Making Your Company an Attractive Investment
It is a competitive market when it comes to raising money for your company. You need every advantage you can get. Providing your investors with an immediate return on their investment via the Wisconsin government can be the leg up your business needs.
Wisconsin Act 255 set up the Angel Investment and Venture Capital Tax Credit program designed to encourage investment in small, high-technology businesses that have high growth potential. Early-stage businesses conducting pre-commercialization activities related to proprietary technology may be designated as Qualified New Business Ventures. Angel investors, angel investment networks and venture capital seed funds may qualify for Wisconsin tax credits by investing in these designated companies.
How Epiphany Law Can Help
Epiphany Law understands the complexities of raising capital in today’s marketplace. Among those complexities are tax incentives put in place by governmental entities seeking to attract high-tech companies.
Epiphany Law can help you determine if your business qualifies for providing investors tax credits, including the very lucrative credits provided by Act 255. We can also assist you in wading through the bureaucracy that accompanies any government program. In short, rely on Epiphany Law for all of your business needs.
Questions & Answers
Q: Can I qualify my real estate development project for Act 255?
A: Businesses engaged in real estate development, insurance, banking, lending, lobbying, political consultation, professional services provided by attorneys, accountants, business consultants, physicians or health care consultants, wholesale or retail trade, leisure, hospitality, transportation or construction are not eligible for the Act 255 program.

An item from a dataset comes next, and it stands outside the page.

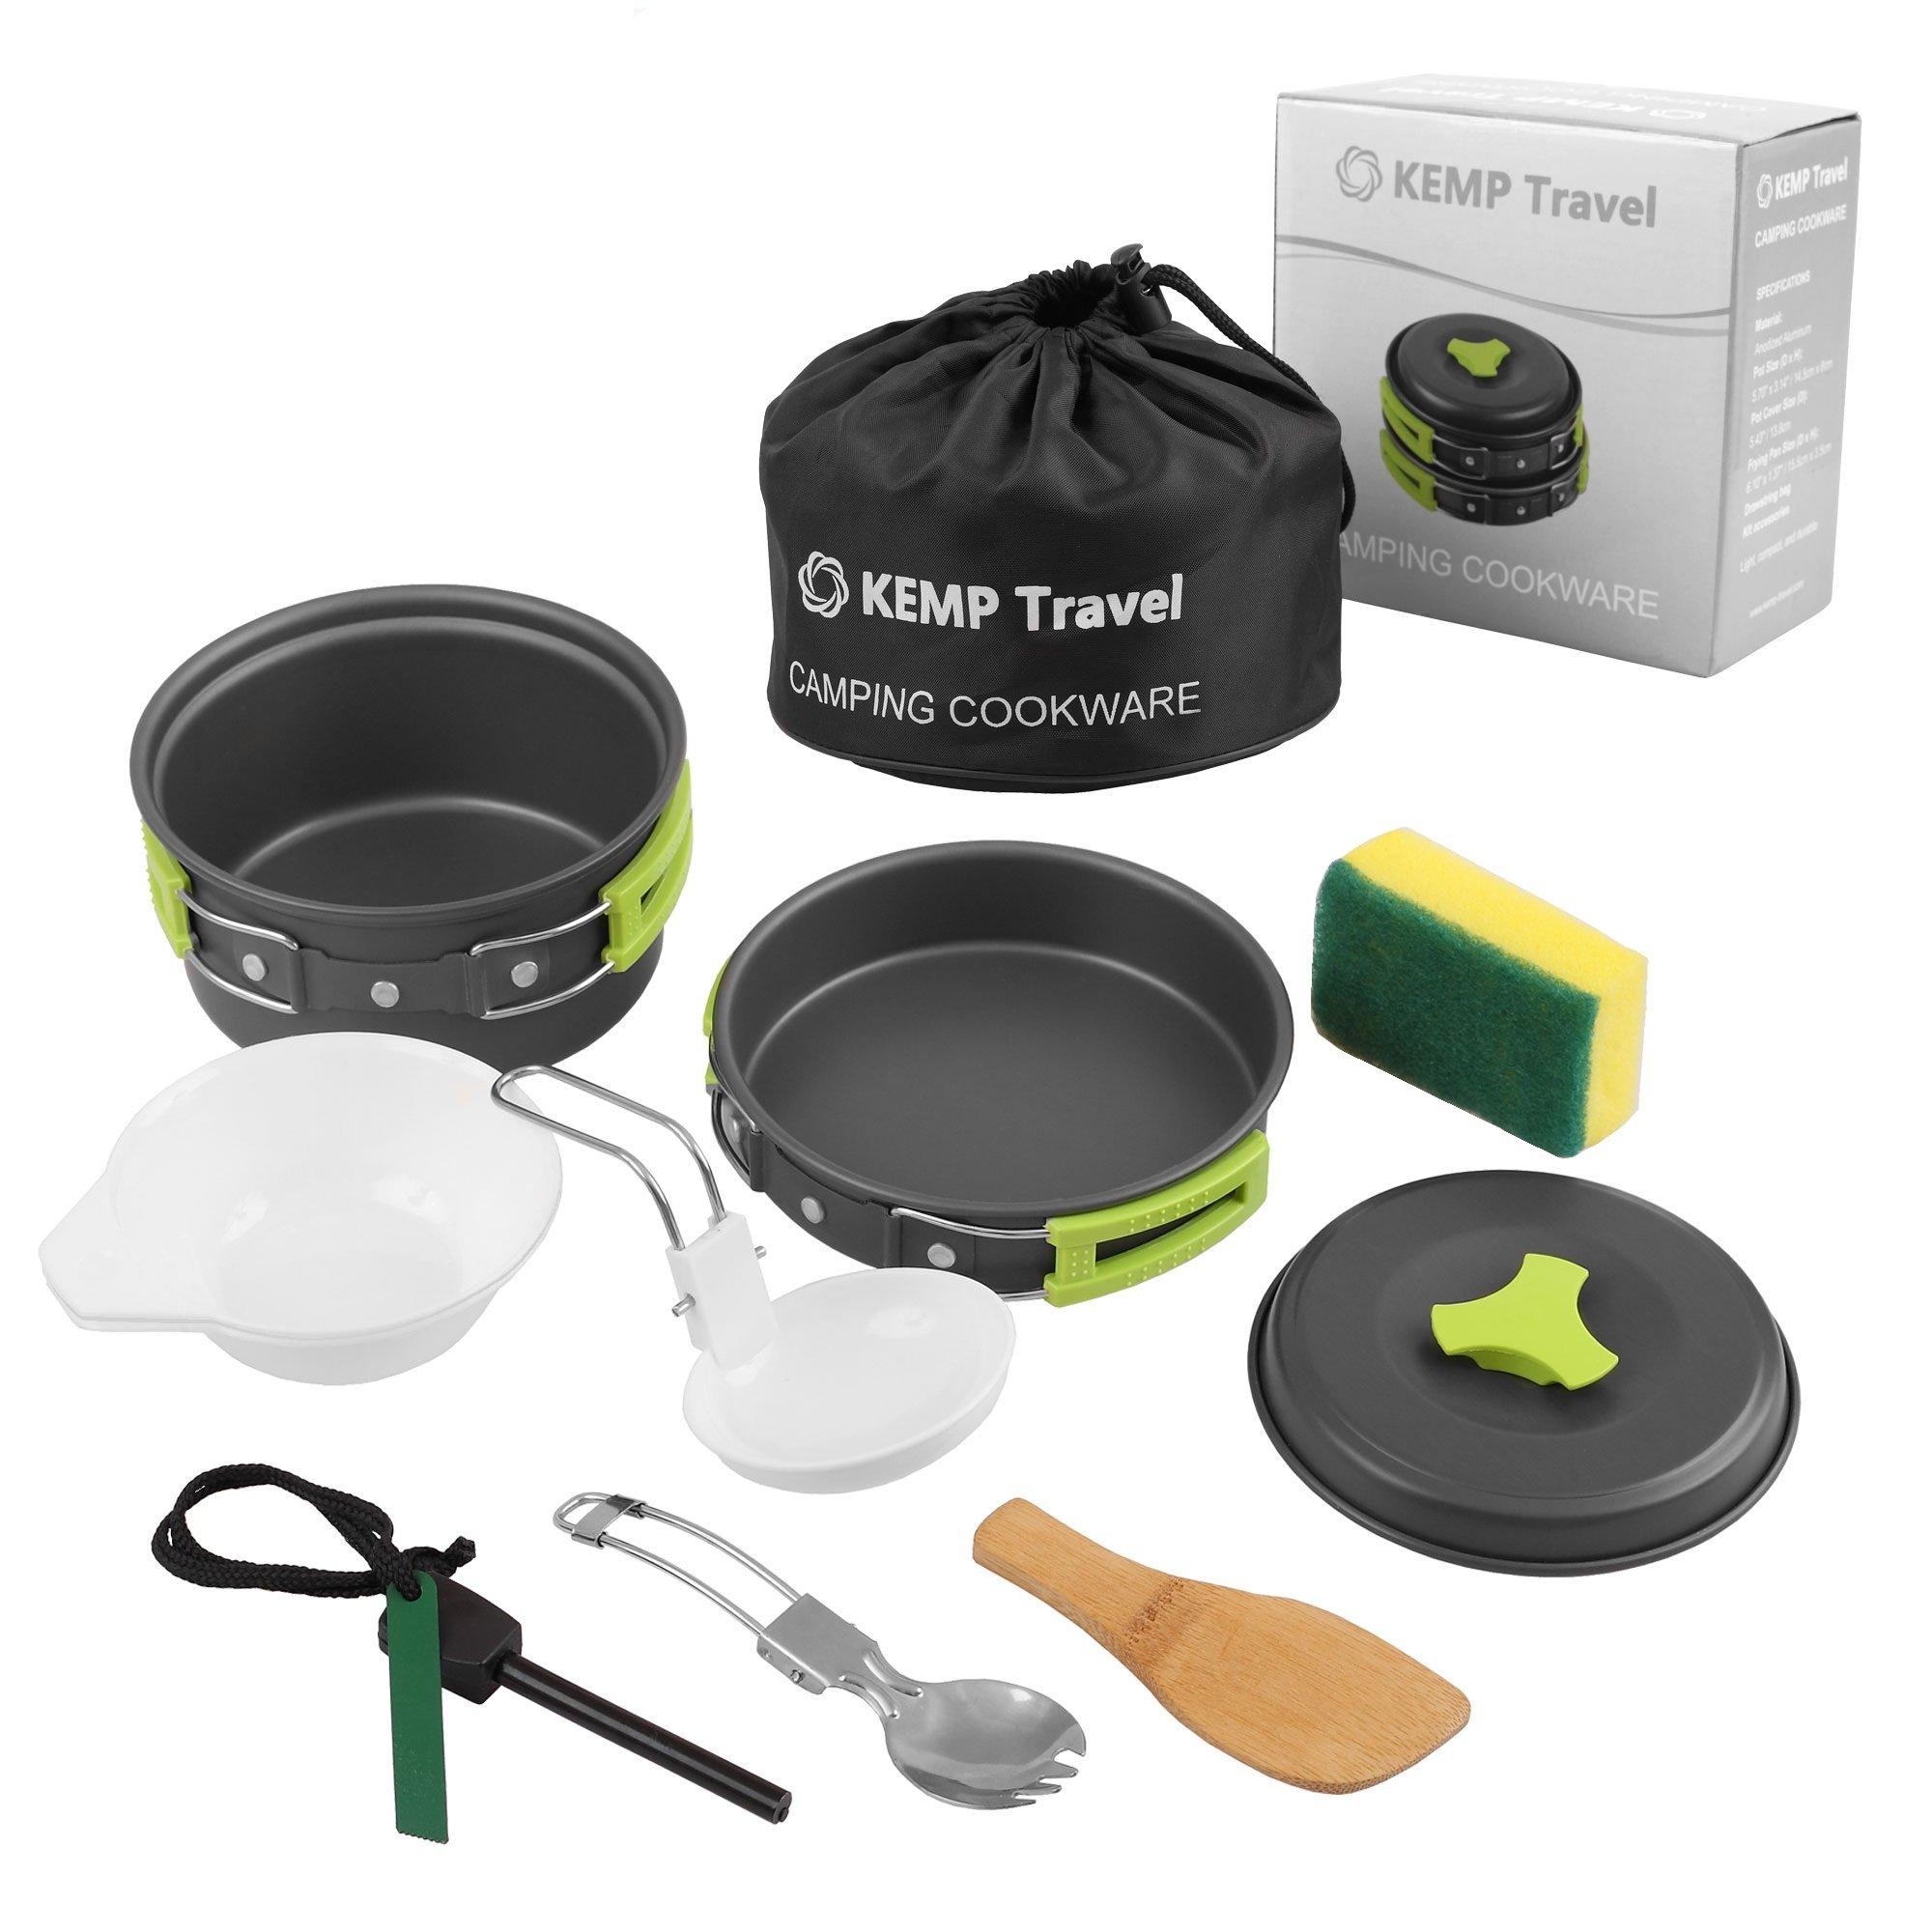 KEMP Travel Camping Cookware - 10pcs Backpacking Cooking Equipment - compact, lightweight anodized pot & pan - Nonstick Cookset - Hiking Mess Kit - Outdoor Gear- Camp Kitchen - Camping Utensil Set

Q: What is an eligible investment?
A: Under Act 255, an eligible investment must meet each of the following:
- It must be made after a business is certified
- It must be a cash investment
- It must be common stock, membership interest, preferred stock or equivalent
- The investor must be an eligible investor.
Q: Who is an eligible investor?
A: Eligible investors under Act 255 include accredited investors and qualified venture funds. Investors may not have invested in, or have any ownership interest in, the business prior to certification. Investors who have invested in the company before certification are not eligible for tax credits if they make further investment.